If that is not the route to go, then I say white list IP address. I only post from two IP addresses the 65.12 is my home IP address that is static and doesn't change. The 72.243 IP address is my work IP address and doesn't change either.

I wouldn't mind either one to get a handle on spam.

Support the concensus building of 3>2>other. - Wmcduff 22:31, 10 July 2009 (UTC)

Robyn Comments

Me: 3 > 2 > 1

1. Everyone works on this, and I think many hands make lighter work, but if we didn't, what cool improvements could we make instead?
2. It's a start, and I like NWoodrow's point that if spammers have a registration, it's easier to revert all their edits.
3. I see no downside to this one.
4. Not knowledgeable enough about impact to comment.
5. Noooo!

The IP whitelist would be a real problem for me, as I am a wireless slut, connecting to systems all over the continent, whatever will have me. Unless it only applies to not-logged-in users, then almost no impact.

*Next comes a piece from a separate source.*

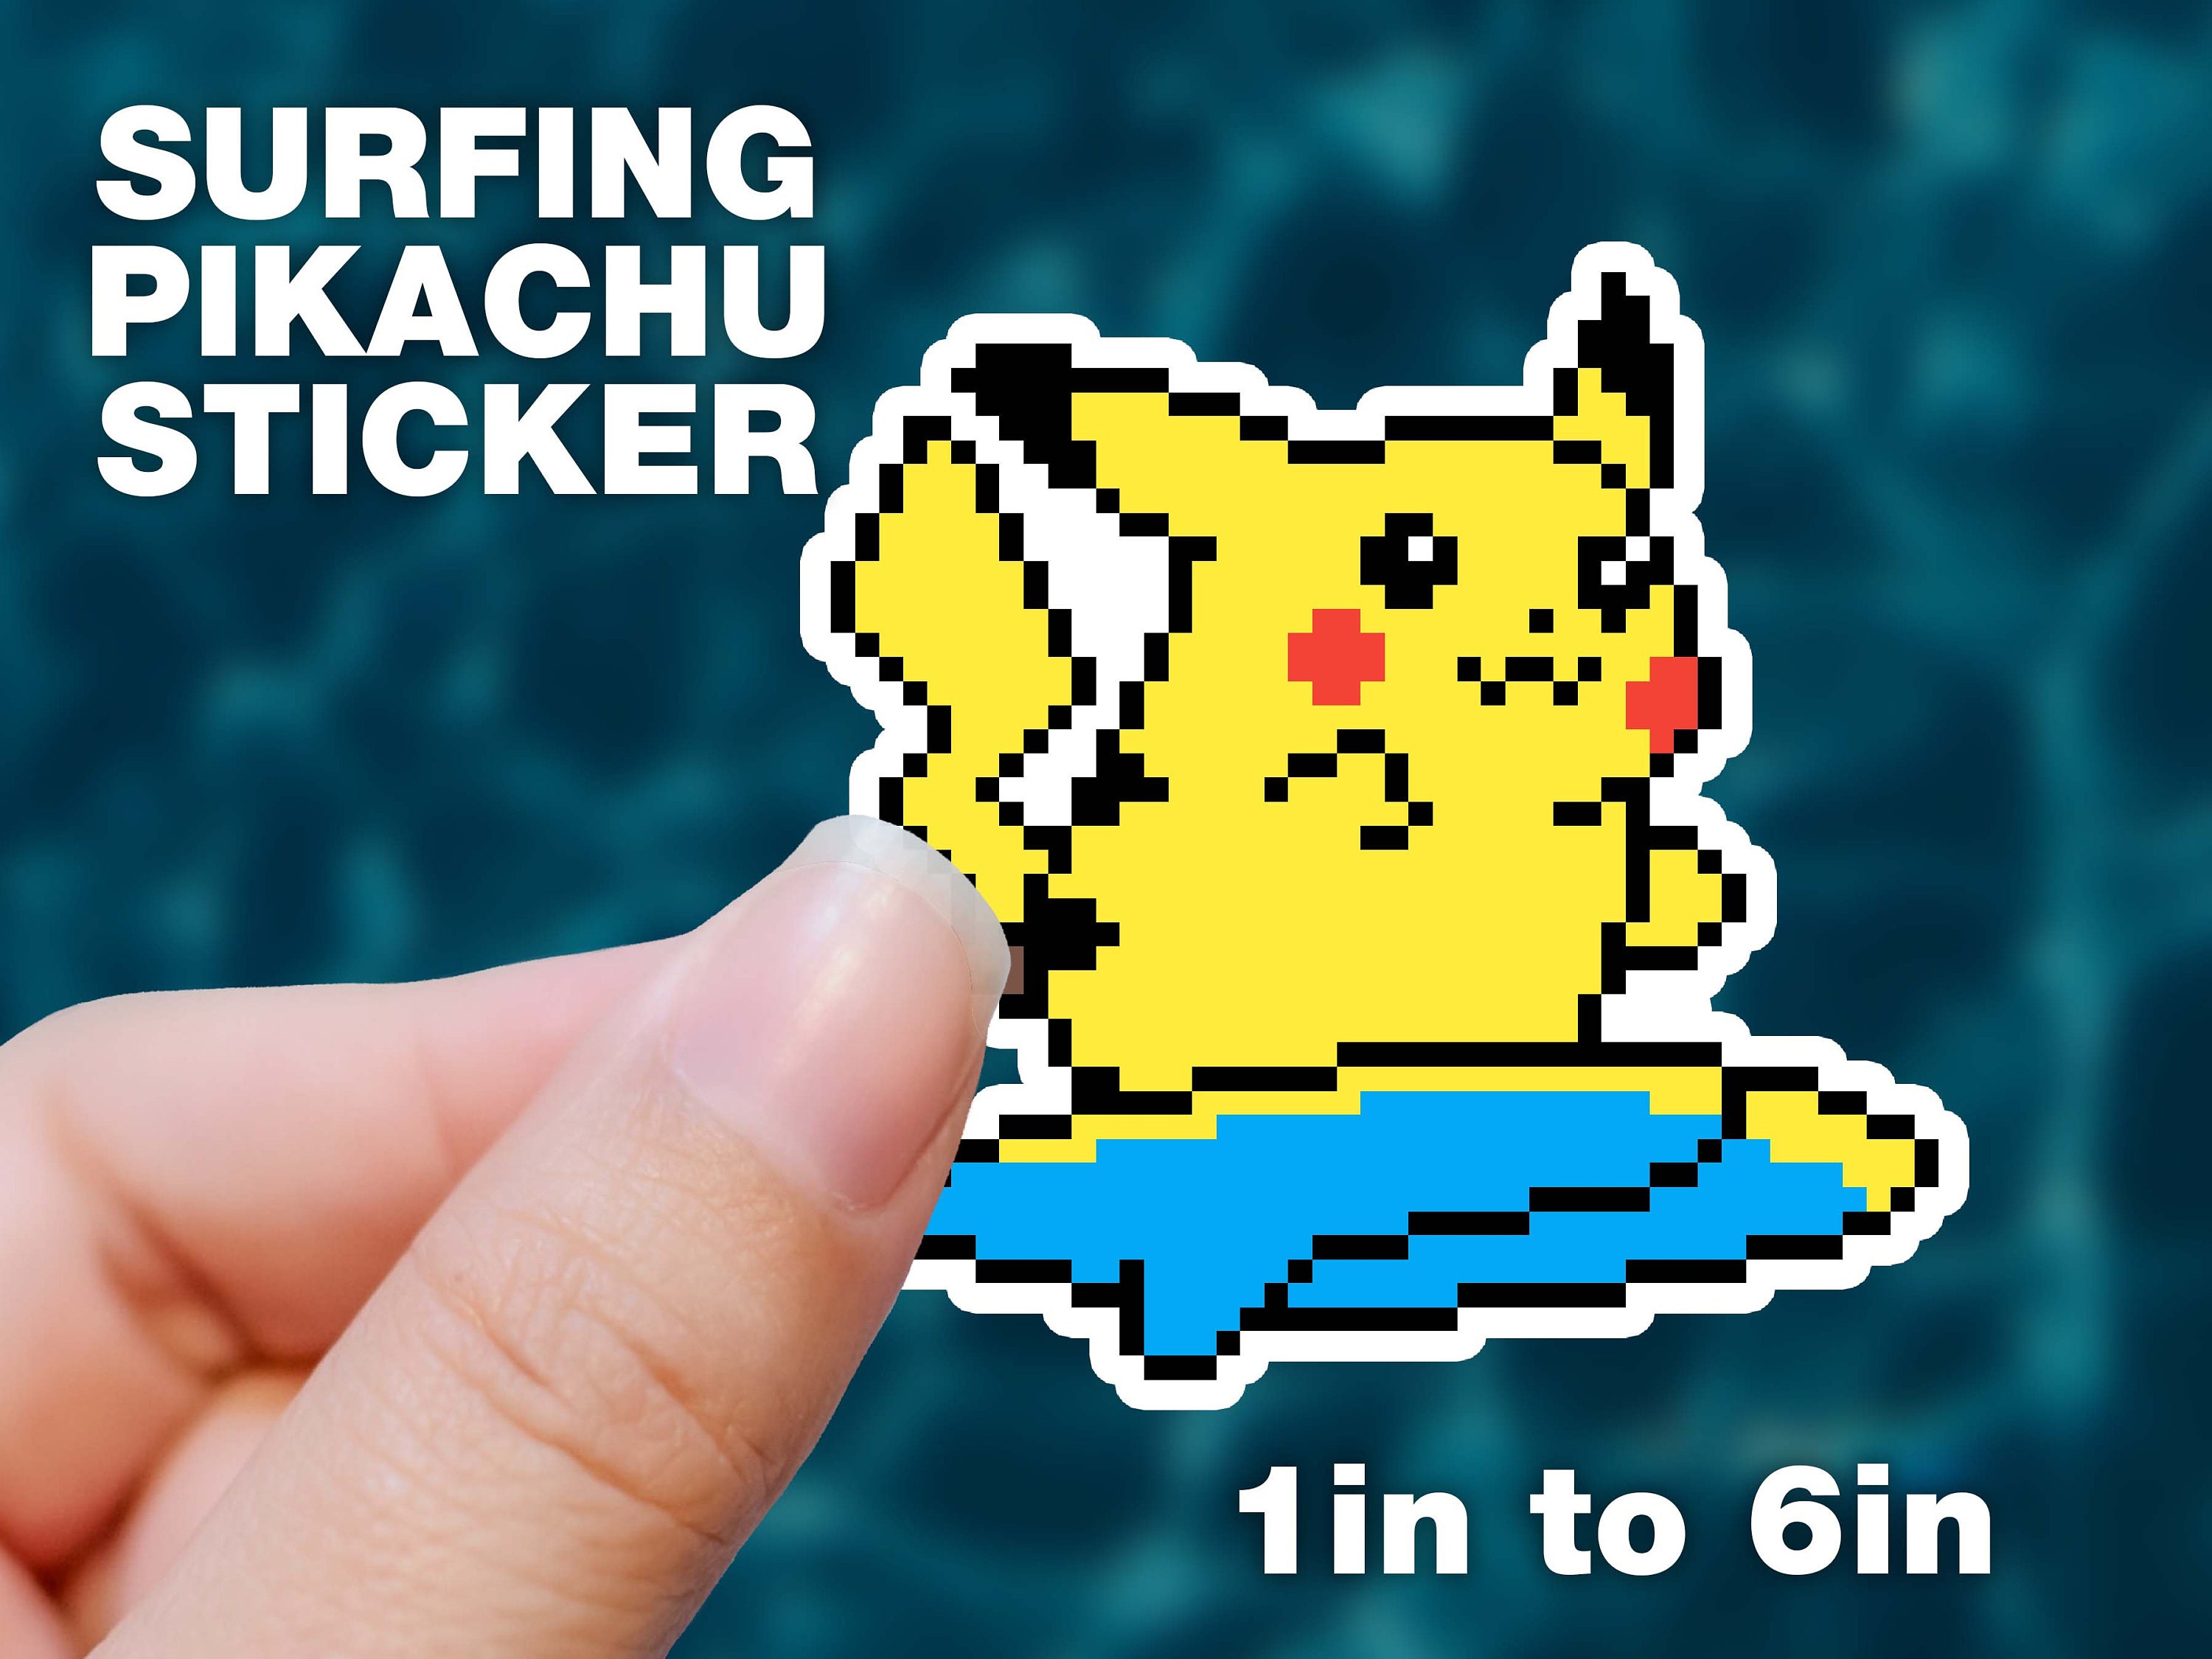 Surfing Pikachu Sticker

And thank you to the various people who have been fighting spam on my talk page while I've been away.

Yvh11a (TalkContribs) Comments

3 > = 2 > 1

  1. I'm opposed to this - just because Joannac is a Hero of the Internet doesn't mean that it's right to allow spam to continue. That which is worth having is worth fighting for (this means the rest of us)
  2. I'm personally in favor of this, but only because I'm always on my home machine (whether locally or via ssh). I understand that removing anonymous access entirely might be an unbearable difficulty for some nomadic users, and it does violate the spirit of a wiki, so if everyone else doesn't like this idea, I won't complain.
  3. I'm in favor of this. If Google does it, it must be a good idea, right?
  4.  ? (no knowledge of)
  5. Actually, I changed my mind. Let's do this one!

davidc's comments

It seems a lot (but not all) of the spam is on anonymous user talk pages, by anonymous users. Is it possible to disable anonymous users from commenting on anonymous talk pages? If not, is it possible to disable anonymous user talk pages entirely? (I can see in a bigger wiki this would be a useful place to keep notes about an IP address, but I can't see any use for it here?)

Also for the record, I wouldn't like to see CAPTCHAs for anonymous users unless (a) they were accessible (easy to use on mobile phones etc) and (b) you only had to do them ONCE and then could edit without limits. --davidc 20:43, 2 September 2009 (UTC)